Exercise goal:
Excluding pictures, retype the line with "مهرجانات انتخابية حاشدة" and each line that follows it to the end of the data below, word for word.

Supplied material:
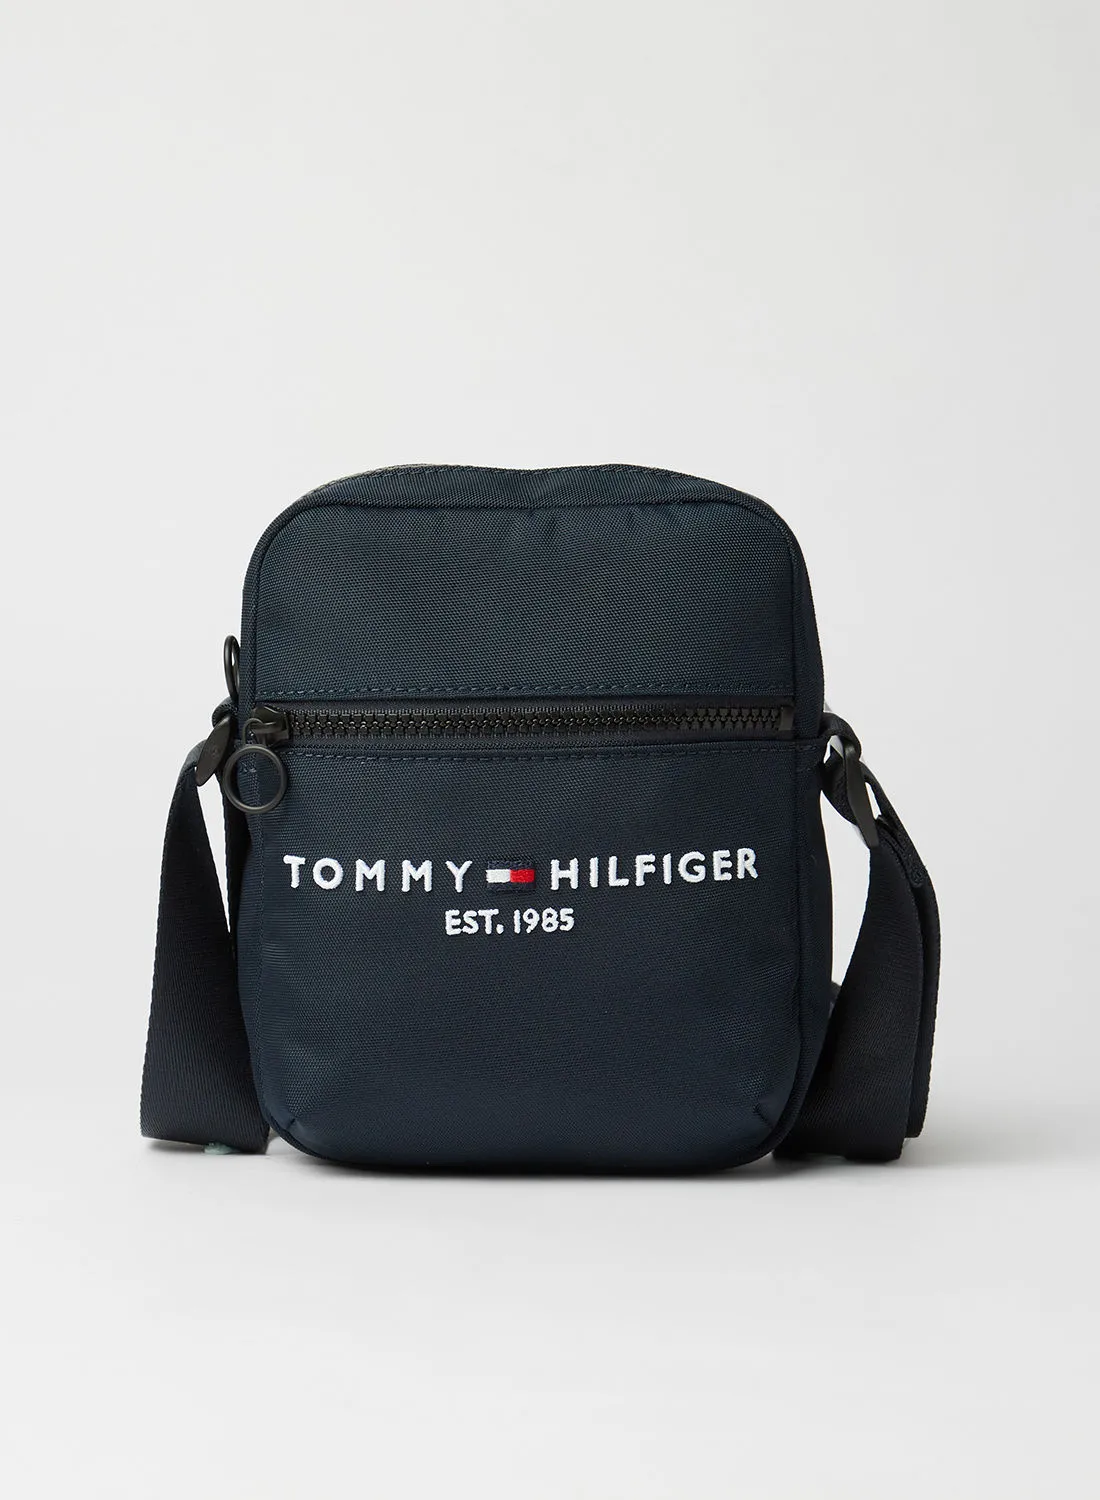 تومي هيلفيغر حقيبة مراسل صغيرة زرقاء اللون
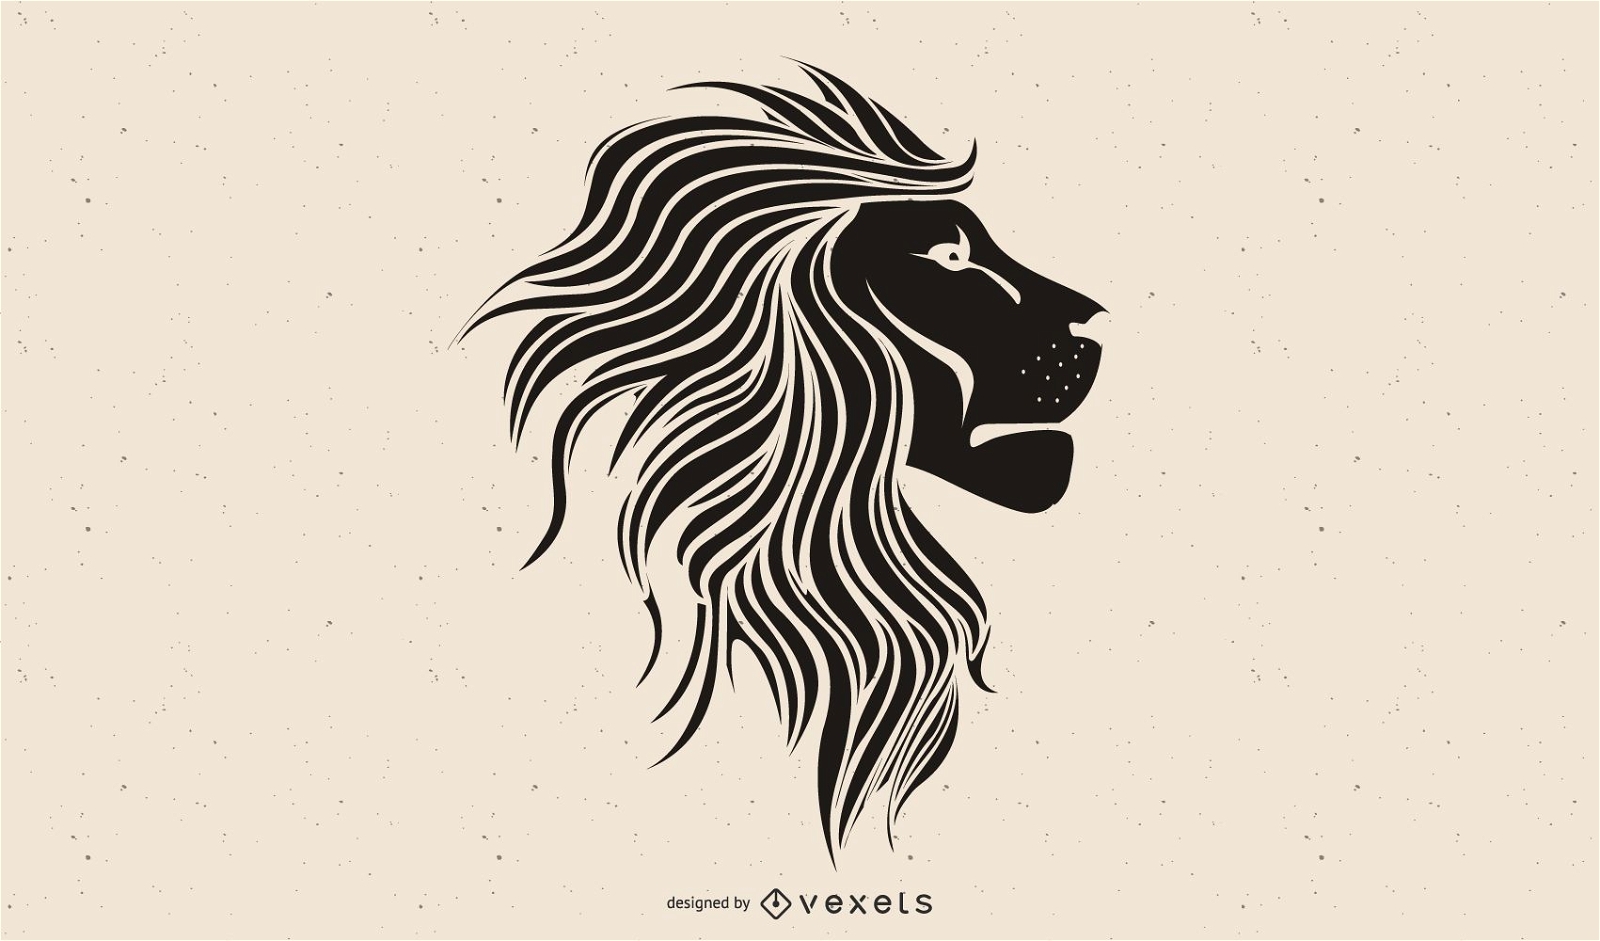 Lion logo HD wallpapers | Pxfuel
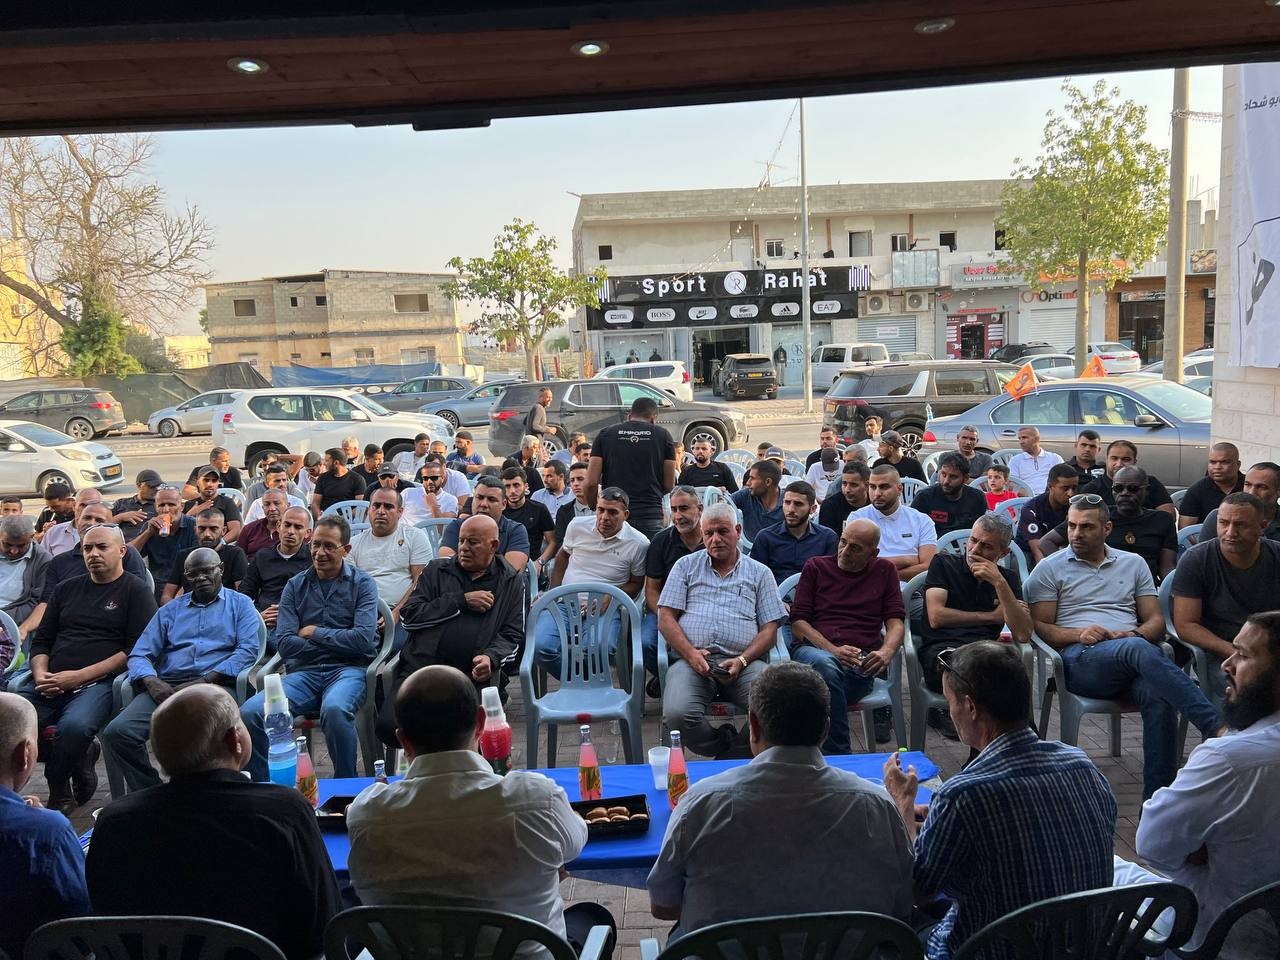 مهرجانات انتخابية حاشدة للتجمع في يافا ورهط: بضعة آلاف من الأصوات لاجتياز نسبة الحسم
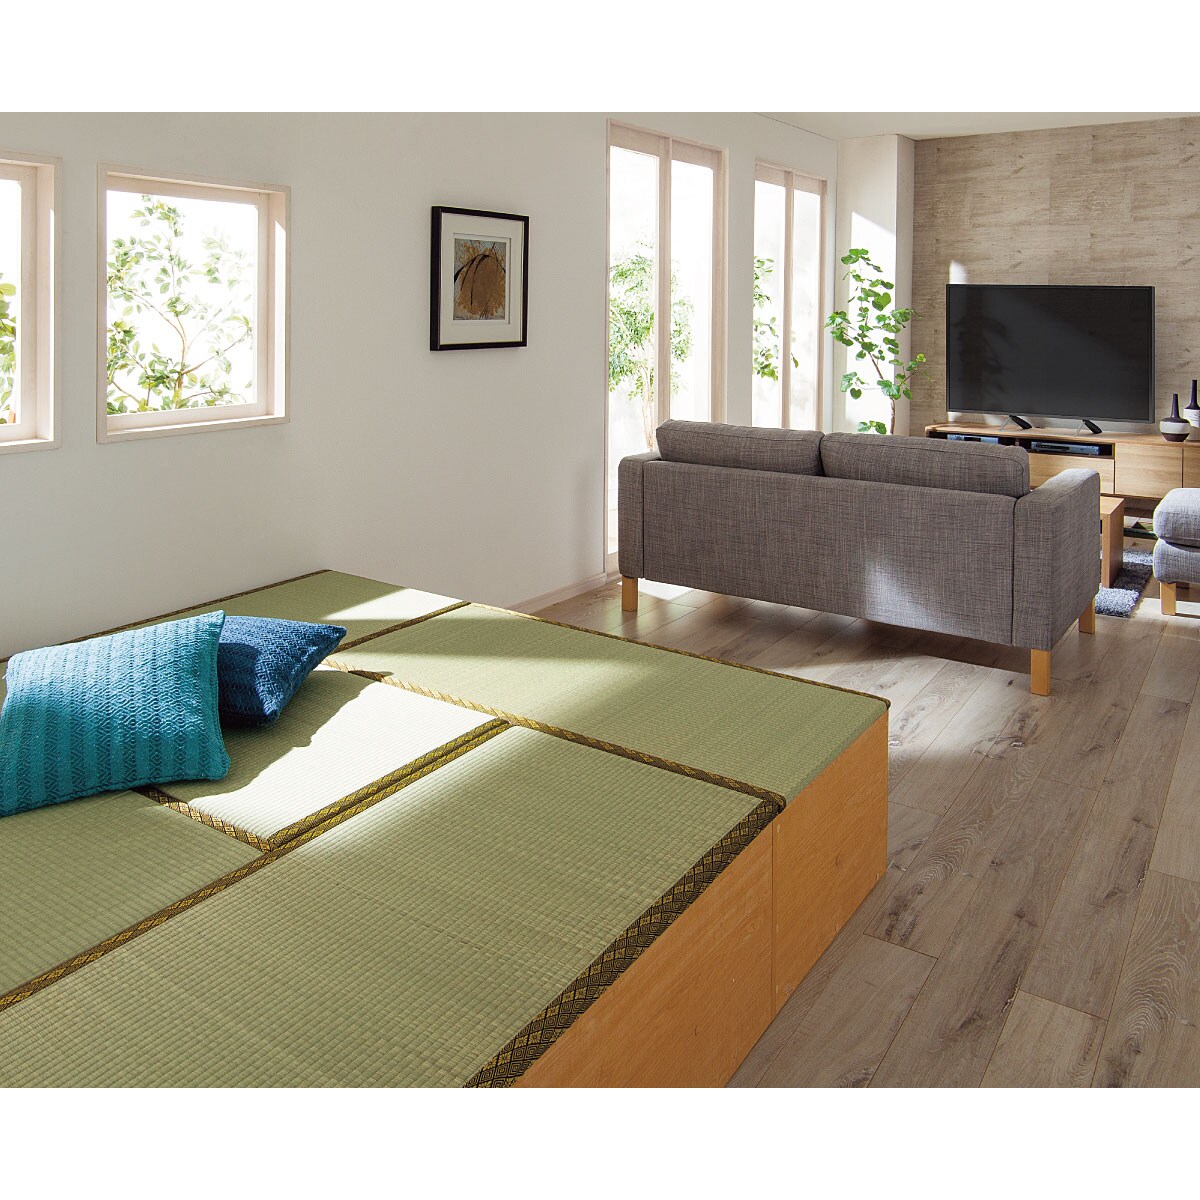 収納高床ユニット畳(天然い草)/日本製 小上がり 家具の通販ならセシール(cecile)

Written answer:
 مهرجانات انتخابية حاشدة للتجمع في يافا ورهط: بضعة آلاف من الأصوات لاجتياز نسبة الحسم
 収納高床ユニット畳(天然い草)/日本製 小上がり 家具の通販ならセシール(cecile)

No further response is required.